Human pose tracking

Use the MediaPipe Pose Landmark Detection solution to detect and track a human pose in video.

Used Rerun types used-rerun-types

Image, Points2D, Points3D, ClassDescription, AnnotationContext, SegmentationImage

Background background

Human pose tracking is a task in computer vision that focuses on identifying key body locations, analyzing posture, and categorizing movements. At the heart of this technology is a pre-trained machine-learning model to assess the visual input and recognize landmarks on the body in both image coordinates and 3D world coordinates. The use cases and applications of this technology include but are not limited to Human-Computer Interaction, Sports Analysis, Gaming, Virtual Reality, Augmented Reality, Health, etc.

In this example, the MediaPipe Pose Landmark Detection solution was utilized to detect and track human pose landmarks and produces segmentation masks for humans. Rerun was employed to visualize the output of the Mediapipe solution over time to make it easy to analyze the behavior.

Logging and visualizing with Rerun logging-and-visualizing-with-rerun

The visualizations in this example were created with the following Rerun code.

Timelines timelines

For each processed video frame, all data sent to Rerun is associated with the two timelines time and frame_idx.

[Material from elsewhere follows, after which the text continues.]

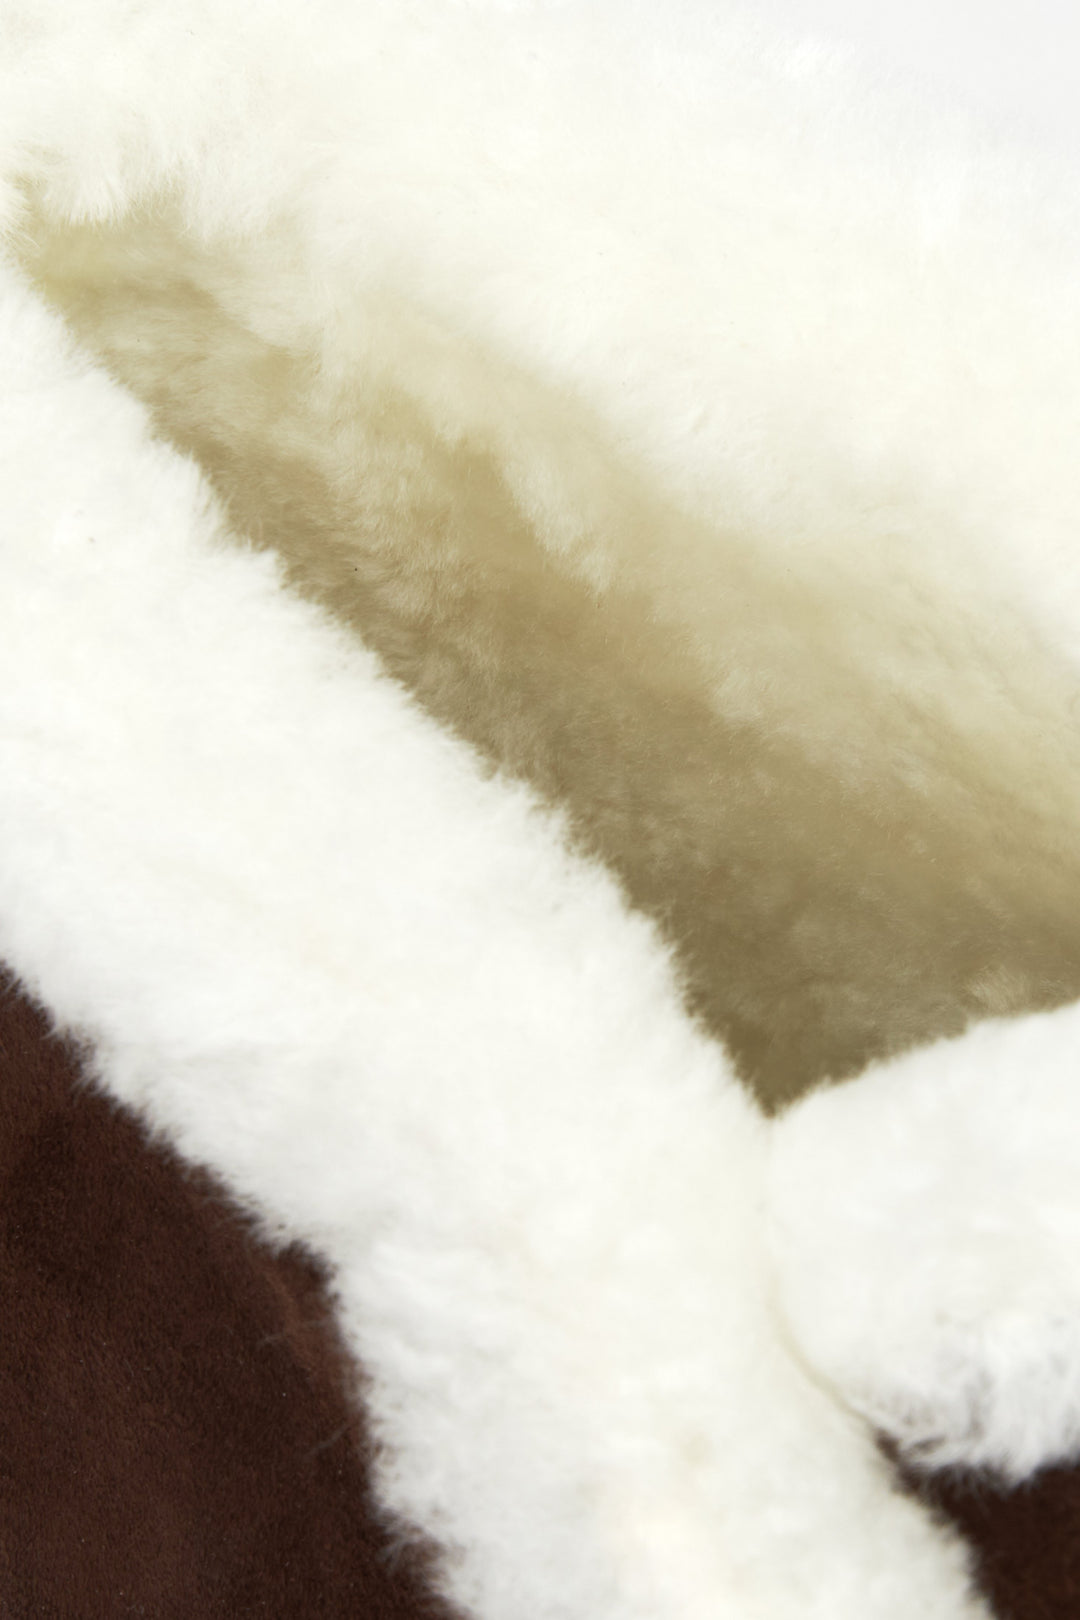 Damskie mokasyny zimowe w kolorze brązowym - zbliżenie na ciepły, futrzany wsad.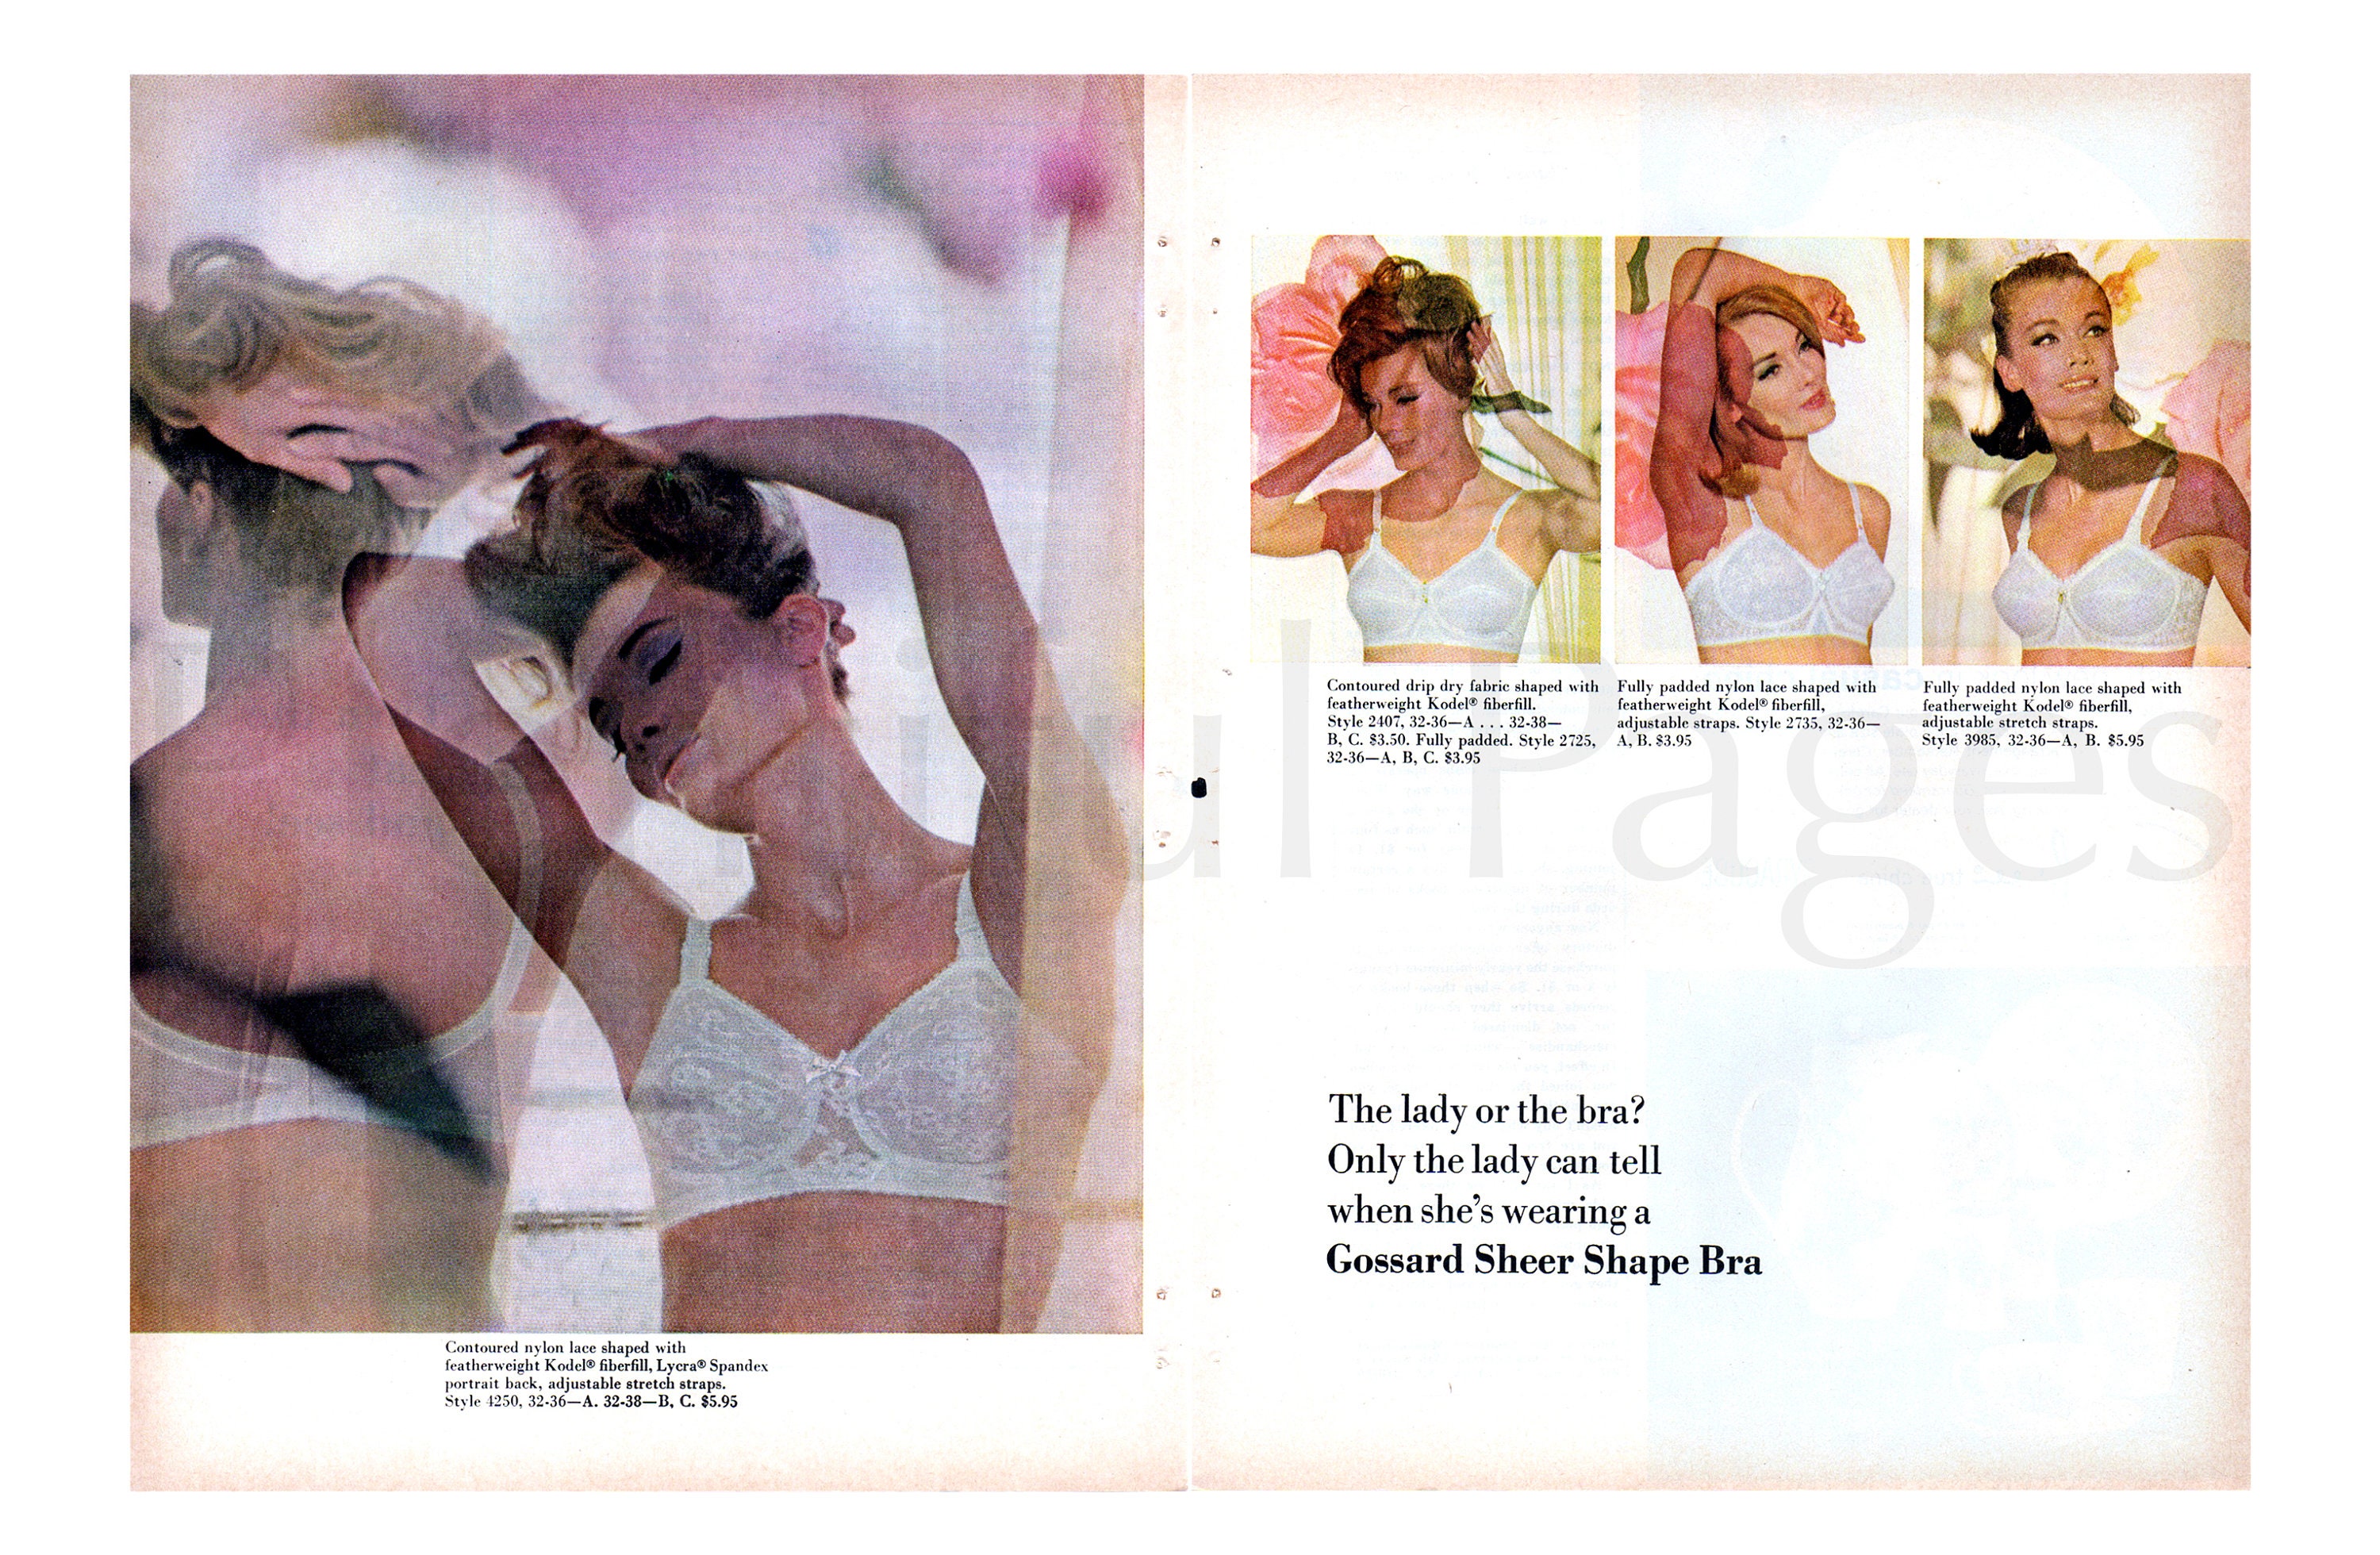 1969 Bali Lingerie Vintage Double Print Ads Set 60s Fashion Models Bras  Slips Girdles Lingerie Set of 2 Vintage Ads -  Canada

rr.set_time("time", duration=bgr_frame.time)
rr.set_time("frame_idx", sequence=bgr_frame.idx)

Video video

The input video is logged as a sequence of Image objects to the 'Video' entity.

rr.log(
    "video/rgb",
    rr.Image(rgb).compress(jpeg_quality=75)
)

Segmentation mask segmentation-mask

The segmentation result is logged through a combination of two archetypes. The segmentation image itself is logged as a SegmentationImage and contains the id for each pixel. The color is determined by the AnnotationContext which is logged with static=True as it should apply to the whole sequence.

Label mapping

rr.log(
    "video/mask",
    rr.AnnotationContext(
        [
            rr.AnnotationInfo(id=0, label="Background"),
            rr.AnnotationInfo(id=1, label="Person", color=(0, 0, 0)),
        ]
    ),
    static=True,
)

Segmentation image

rr.log("video/mask", rr.SegmentationImage(binary_segmentation_mask.astype(np.uint8)))

Body pose points body-pose-points

Logging the body pose as a skeleton involves specifying the connectivity of its keypoints (i.e., pose landmarks), extracting the pose landmarks, and logging them as points to Rerun. In this example, both the 2D and 3D estimates from Mediapipe are visualized.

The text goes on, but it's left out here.